We aim to work on the anomaly-based network intrusion detection system. Thus, monitoring the network traffic flows in order to detect not just the known but also unknown or abnormal network traffic flow. An anomaly-based intrusion detection system monitors the network traffic and compares it to the normal traffic flows, and if it detects some unusual pattern or anomalies on the network, it alarms the signal indicating a potential threat. Based on this comparison, the network traffic flow is categorized as “normal” or “abnormal or malicious".

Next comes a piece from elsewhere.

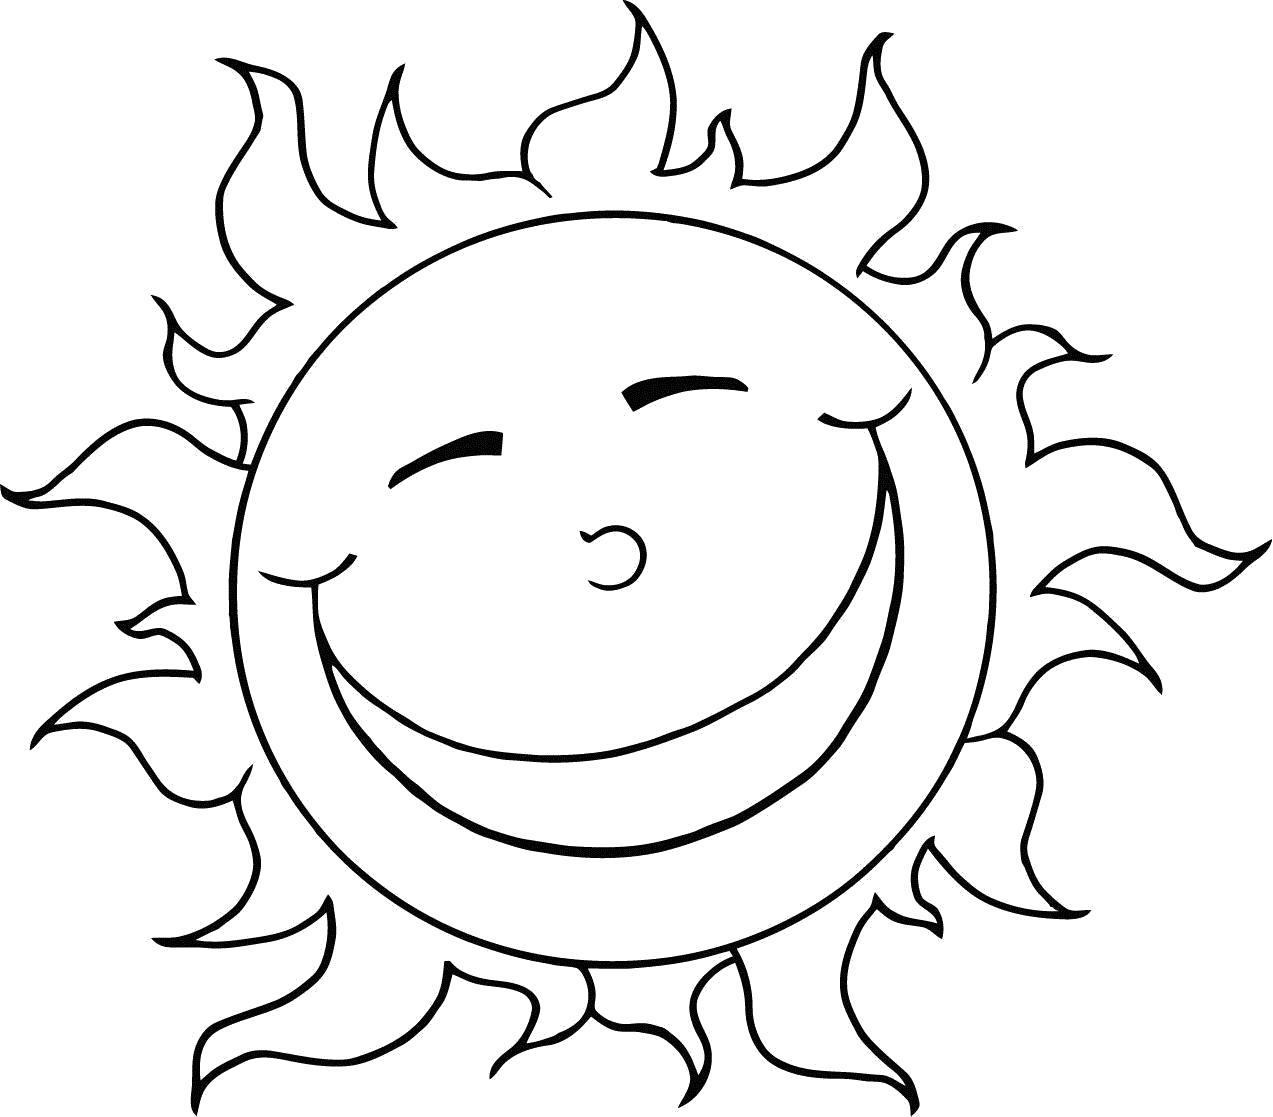 Раскраска Радость. Скачать Солнышко.  Распечатать Солнышко

There are various Machine Learning techniques that are incorporated into the intrusion detection procedure to decrease the false alarm rates. Machine Learning is also used to automate the building of an analytical model. As Machine Learning is a part of Artificial Intelligence, which prevails on the concept that a system gets trained, makes decisions, and learns to diagnose patterns with fewer human intervention; thus, it is determined to build a model that enhances its performance on the basis of previous results. For this purpose, various Machine Learning techniques are Support Vector Machine (SVM), KNN, Random Forest, Logistic Regression, Decision tree, and Naïve Bayes, etc.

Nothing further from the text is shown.